The most recent exhibition was at Jewish Museum Vienna in 2012, and since last year the JMA has been assisted by the Vienna museum in the preparation of the Australian exhibition.

JMA collections and exhibitions manager and curator Peta Cook says: “After the Vienna exhibition was over, all the works went back to the lenders in different parts of the world.

“Some were private lenders and some were from museums, so the Vienna Jewish Museum gave us the rights to use their exhibition concept and assisted us in contacting the lenders.

“We organised for the works to be freighted to Australia for the exhibition.”

Cook has been working on the JMA exhibition since mid-2013.

She says the Jewish Museum’s exhibition features all of Warhol’s original screen prints.

“We also have one of paintings – of Golda Meir – that has come from Israel, plus one of Warhol’s preparatory sketches for the painting,” she says.

The exhibition includes background information about the subjects and copies of the source photos used by Warhol.

“This is the first time that Warhol’s Jewish Geniuses have been seen in Australia. It is really amazing to be up close to original Warhol works,” Cook says.

In addition to Andy Warhol’s Jewish Geniuses, there is a contemporary art exhibition called Warhol Now, looking at the way Warhol can affect artists and art today. It features the work of Australian artists including Ilana Bellville, David Brook, Ede Horton, Shirley Groves-Klebaner, Lisa Krivitsky, Dr Vera Moller and Joseph Wiedenbaum.
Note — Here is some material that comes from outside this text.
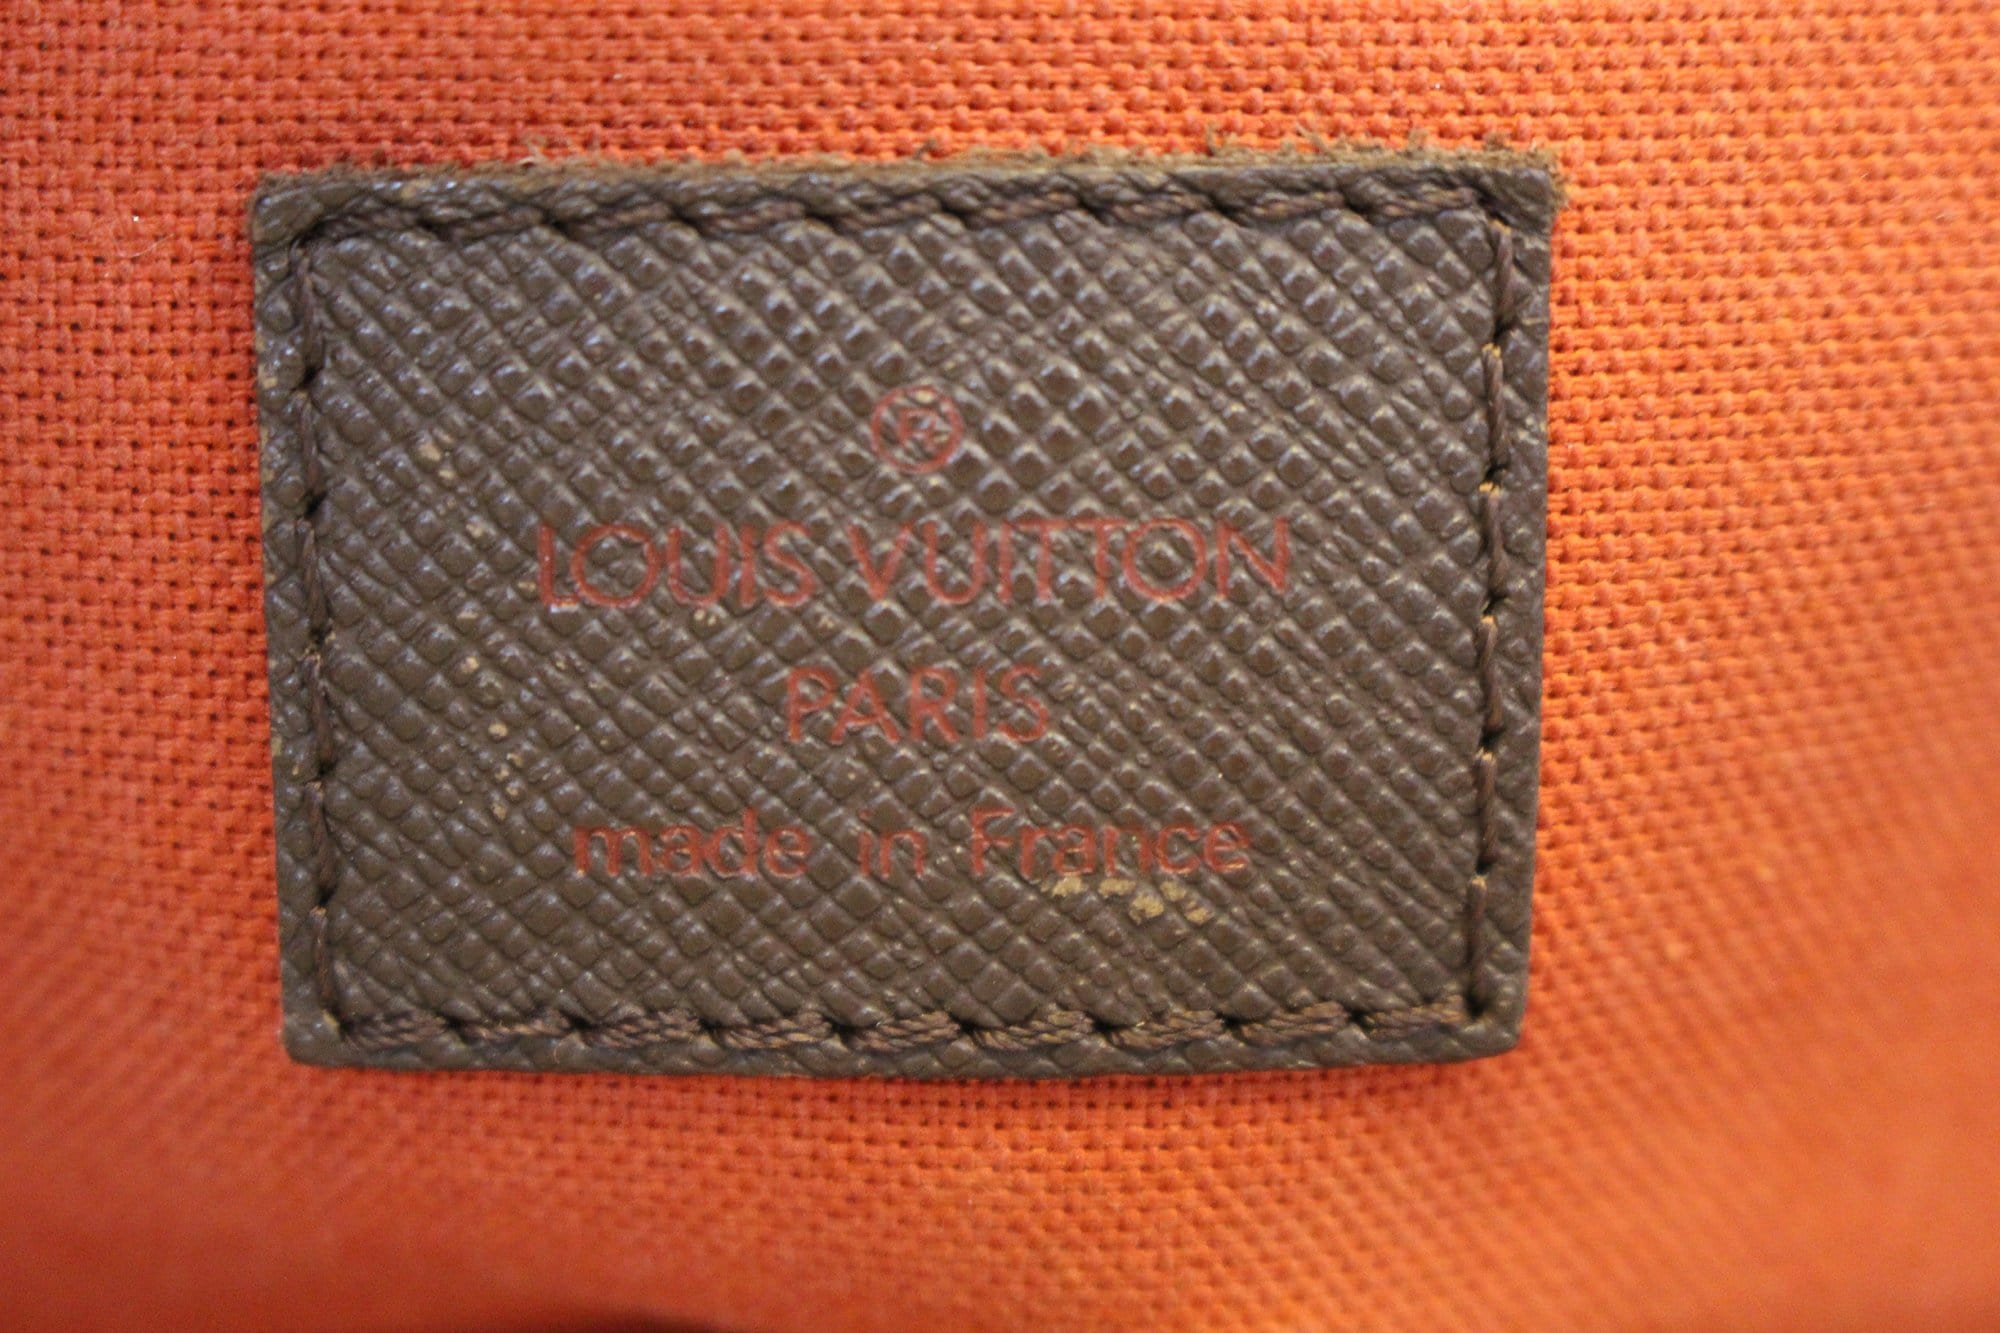 Louis Vuitton Damier Ebene Canvas Belem Mm (Authentic Pre-Owned) -  ShopStyle Shoulder Bags

“We also have Warhol’s painting of Loti Smorgon, from a sitting that she did in his New York studio in 1981, which is on loan from the National Gallery of Victoria,” she says.

The JMA also has on display other works by Warhol along with videos about his artwork.

Andy Warhol’s Jewish Geniuses is at the Jewish Museum of Australia, 26 Alma Road, St Kilda until May 24, 2015. Enquiries: www.jewishmuseum.com.au.